SCARBOROUGH — A 72-unit apartment complex with six buildings at the end of Honan Road was unanimously approved by the Town Council in a first reading Wednesday.
The market-rate project by Risbara Properties would include one- and two-bedroom rentals, priced at $1,350 and $1,450 per month, including most utilities, Rocky Risbara told councilors at the Oct. 19 meeting.
The council will again vet the subdivision, planned near the intersection with Mussey Road, after the Planning Board makes its recommendation sometime in the next few months.
A zone change would be needed for the 11-acre swath of land, however, to accommodate a residential development of this size. In addition, the subdivision would include substantial pavement and other impervious surfaces, would be built on about 4 acres of wetlands, and also abut additional wetlands and an impaired stream.
Councilor Chris Caiazzo said he supports the project; it’s the location that concerns him.
“I don’t like the location. It’s too close to the wetlands,” as well as Nonesuch River Brewing, he said. “We’re trying to shoehorn a lot of development into a heavily mitigated area.”
Risbara said there is great demand for rental apartments, and estimated the project would create $7 million-$8 million of taxable value.

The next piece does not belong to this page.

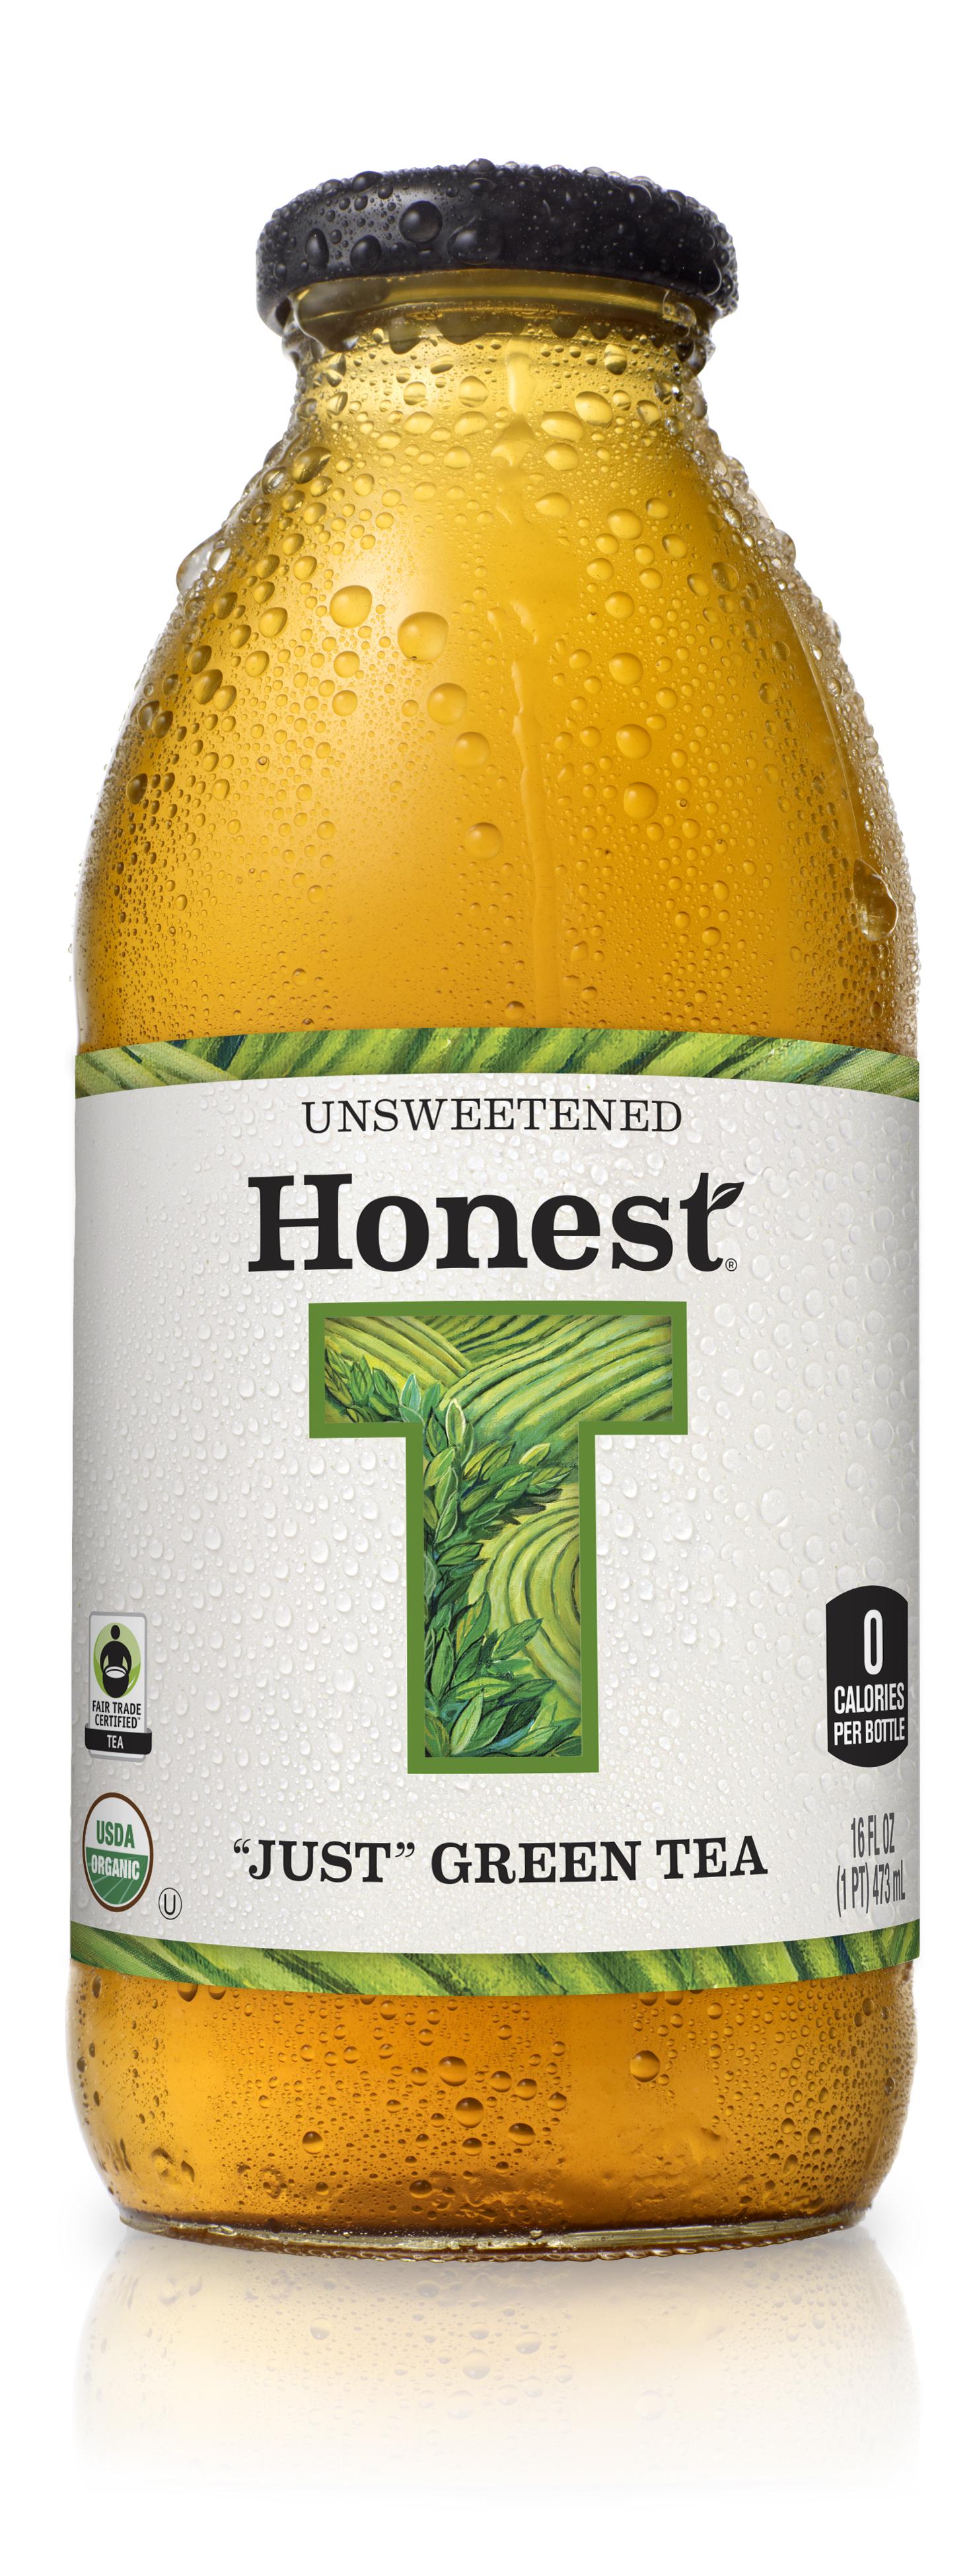 Photo: new label design, Honest tea glass bottles range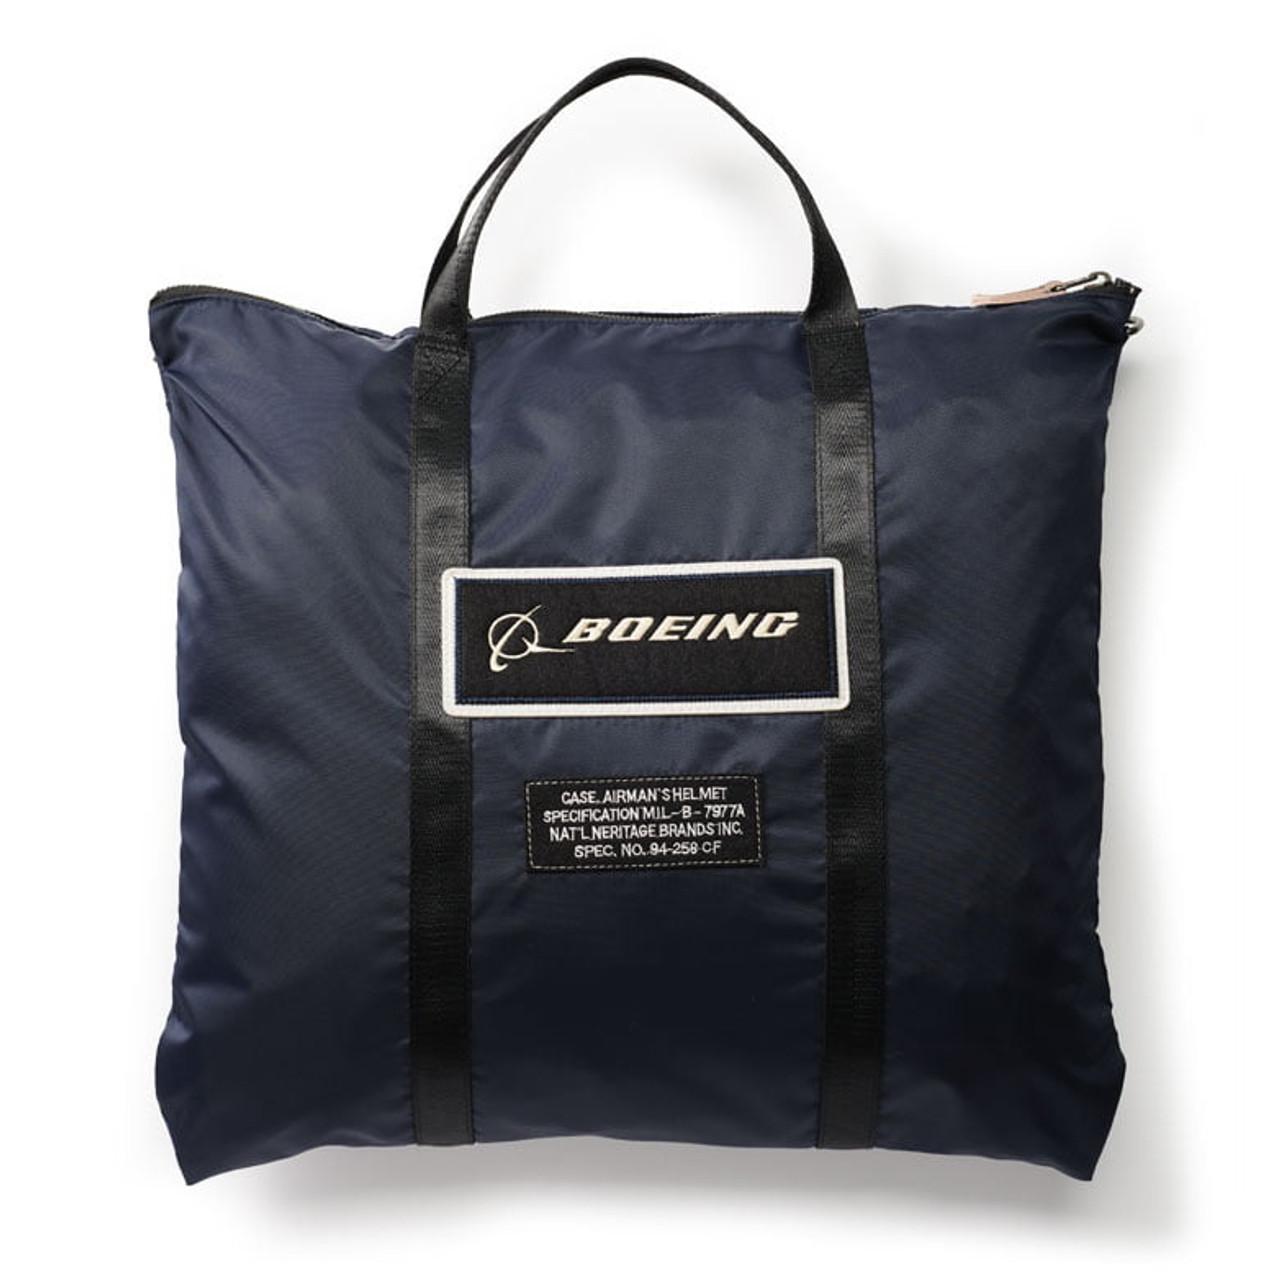 Boeing Helmet Bag

Councilors agreed that more housing, particularly rental housing, is needed in Scarborough.
The proposal “meets a need,” Chairman Bill Donovan said. “I think this is something the Comprehensive Plan has identified and we, as a council, have supported – to get more housing that can meet the needs of people who like to both live and work in Scarborough.”
The style of building would resemble the Blue Spruce Farm subdivision on Spring Street in Westbrook, Risbara said. Each building would have three floors and include 12 units.
Several councilors asked the developer to look into affordable housing options, too.
“Market rate is nice, (but) affordable housing is better,” Caiazzo said.
Councilor Katherine St. Clair said the council should look at more affordable housing as an end goal, but considering how difficult it can be for developers to build affordable housing, the town should take what it can get and continue to encourage more housing options.
“If this (project) passes, we’re finally getting another larger project that is at least bringing us down to market value,” she said. As for the pursuit of affordable, “we keep attacking it.”